======== Records shown ========

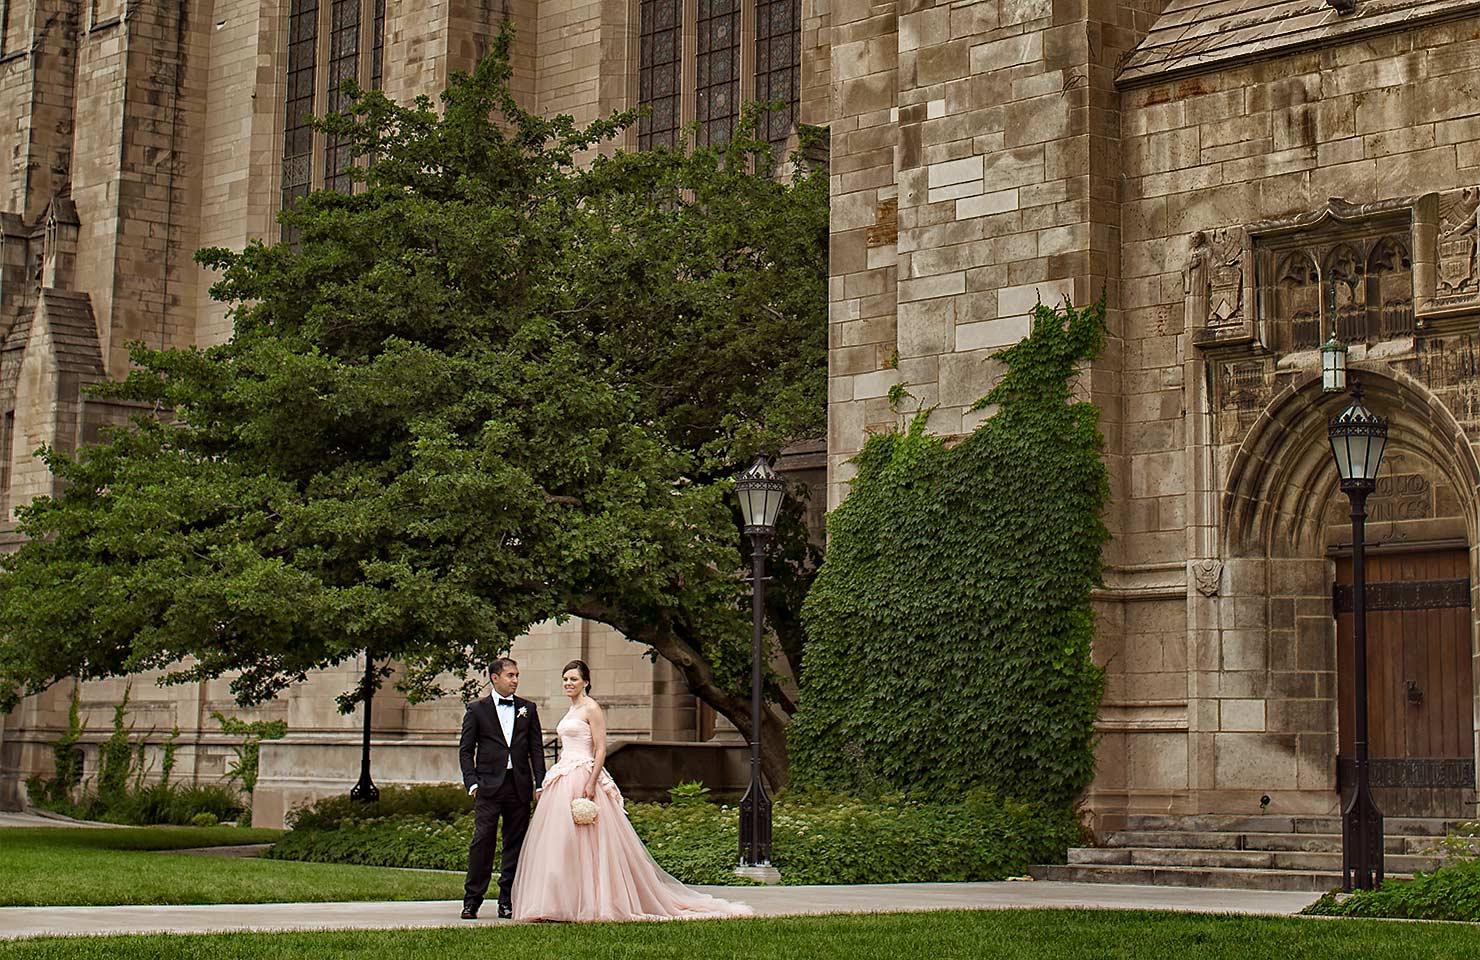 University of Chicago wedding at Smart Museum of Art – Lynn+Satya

========
======== Records shown ========

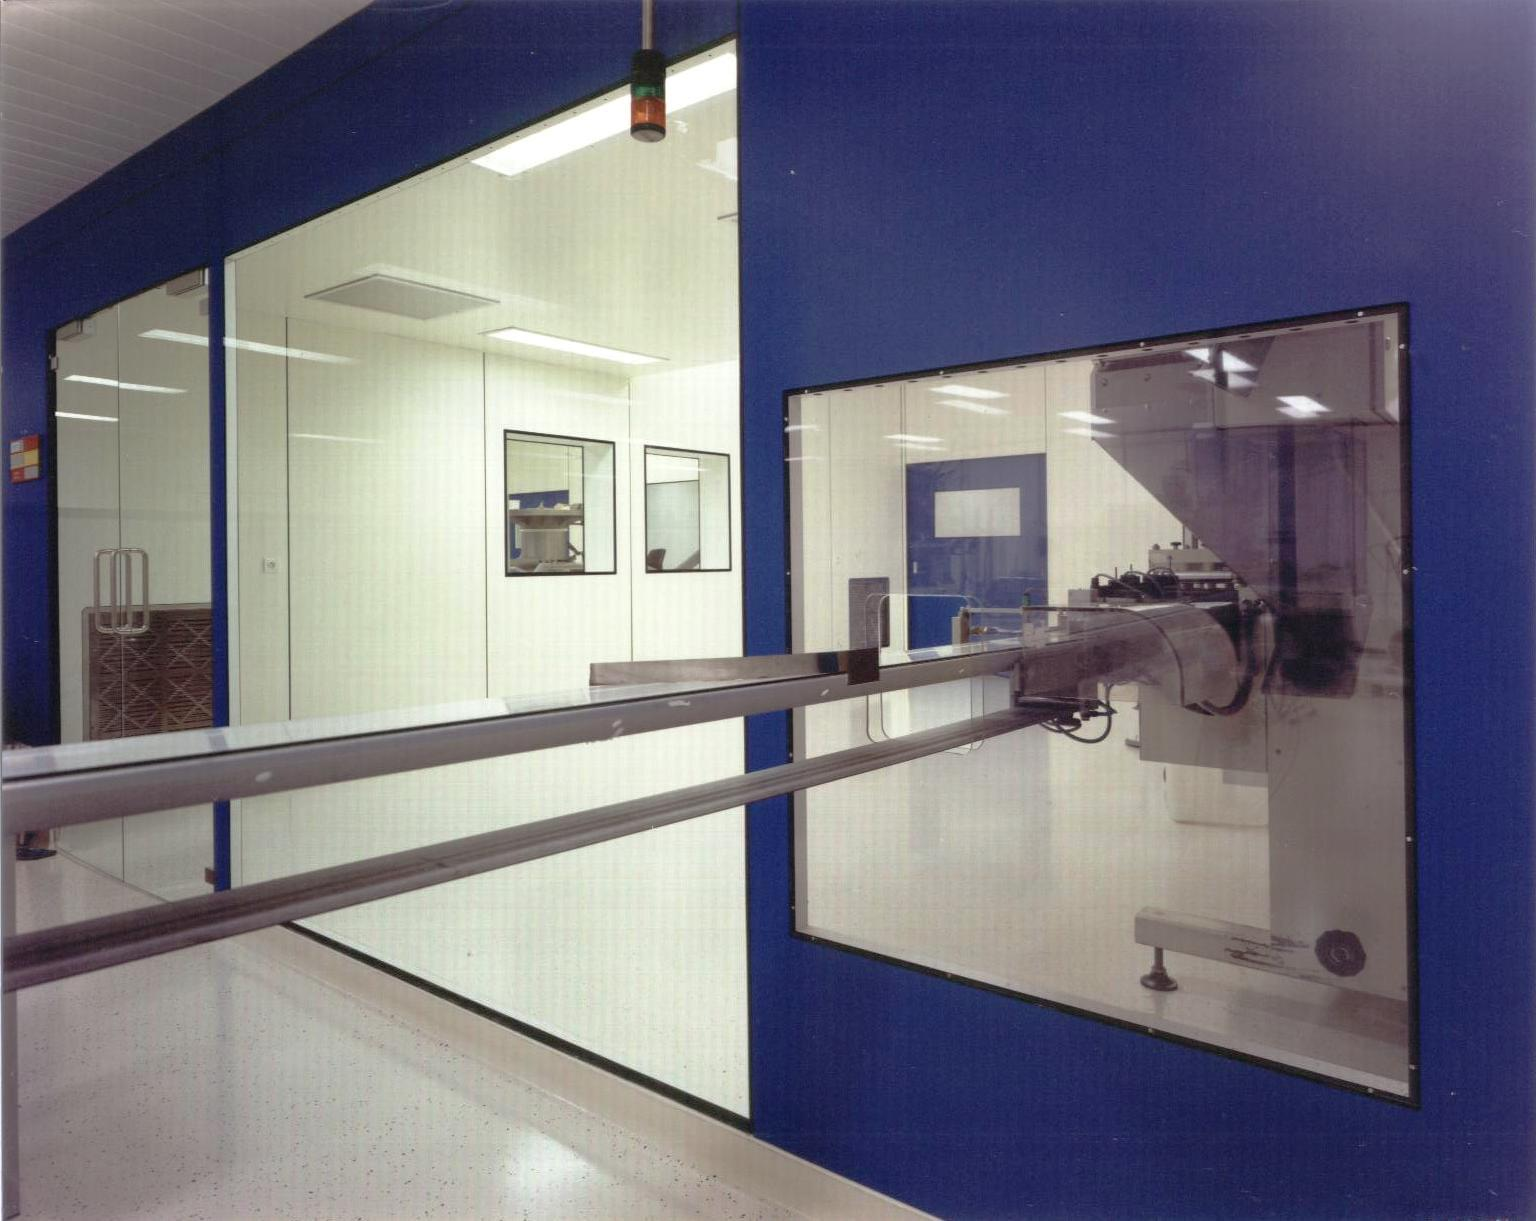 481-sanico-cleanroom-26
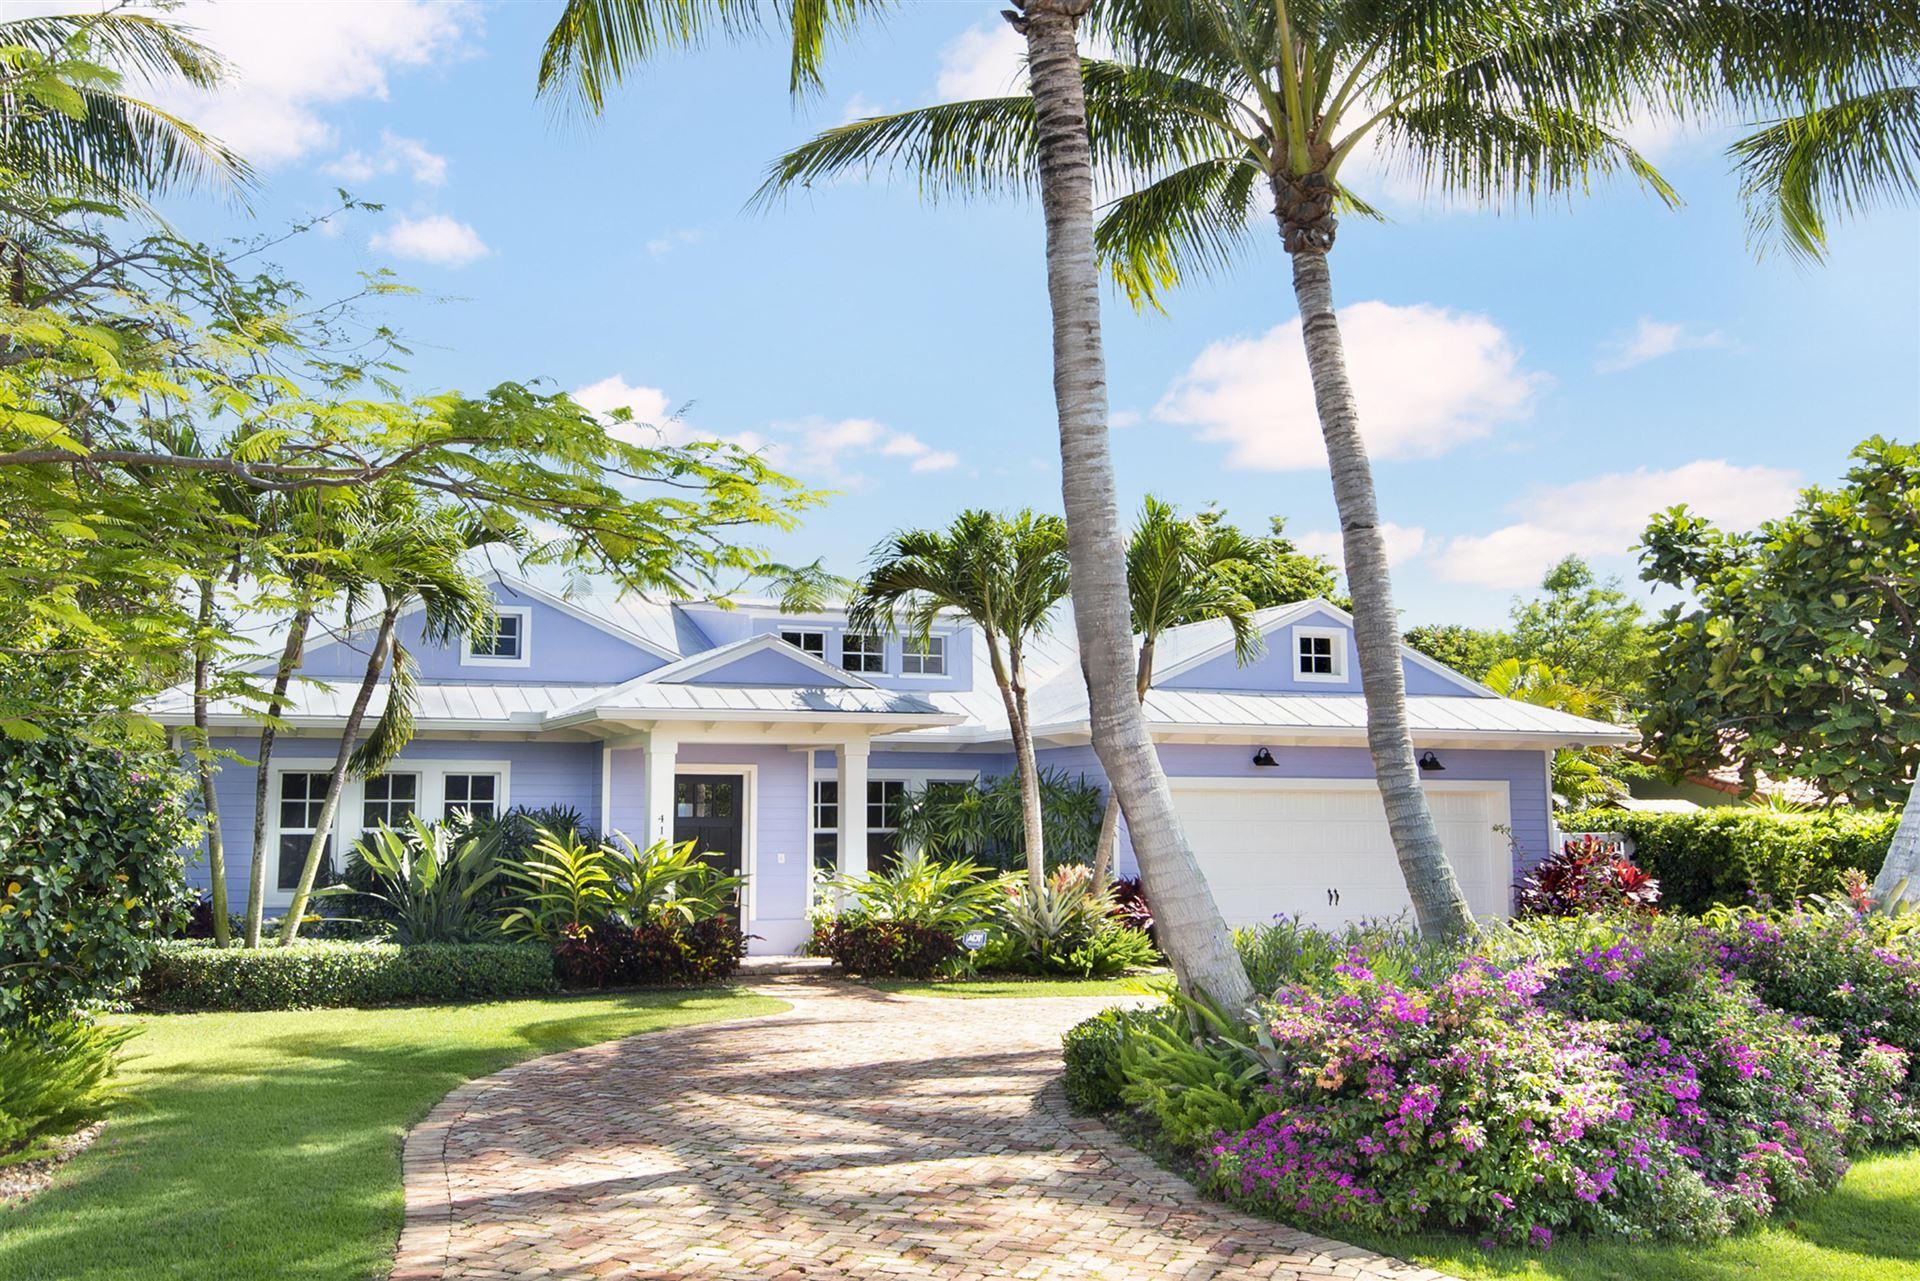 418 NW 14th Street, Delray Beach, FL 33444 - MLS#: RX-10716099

========
======== Records shown ========

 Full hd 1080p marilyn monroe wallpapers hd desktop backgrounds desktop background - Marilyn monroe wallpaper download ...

========

_Problem statement_
Leave out the images and write out the lines above exactly, from the one with "481-sanico-cleanroom-26" up to and including the one with "418 NW 14th".

_Result of this task_
 481-sanico-cleanroom-26
 418 NW 14th Street, Delray Beach, FL 33444 - MLS#: RX-10716099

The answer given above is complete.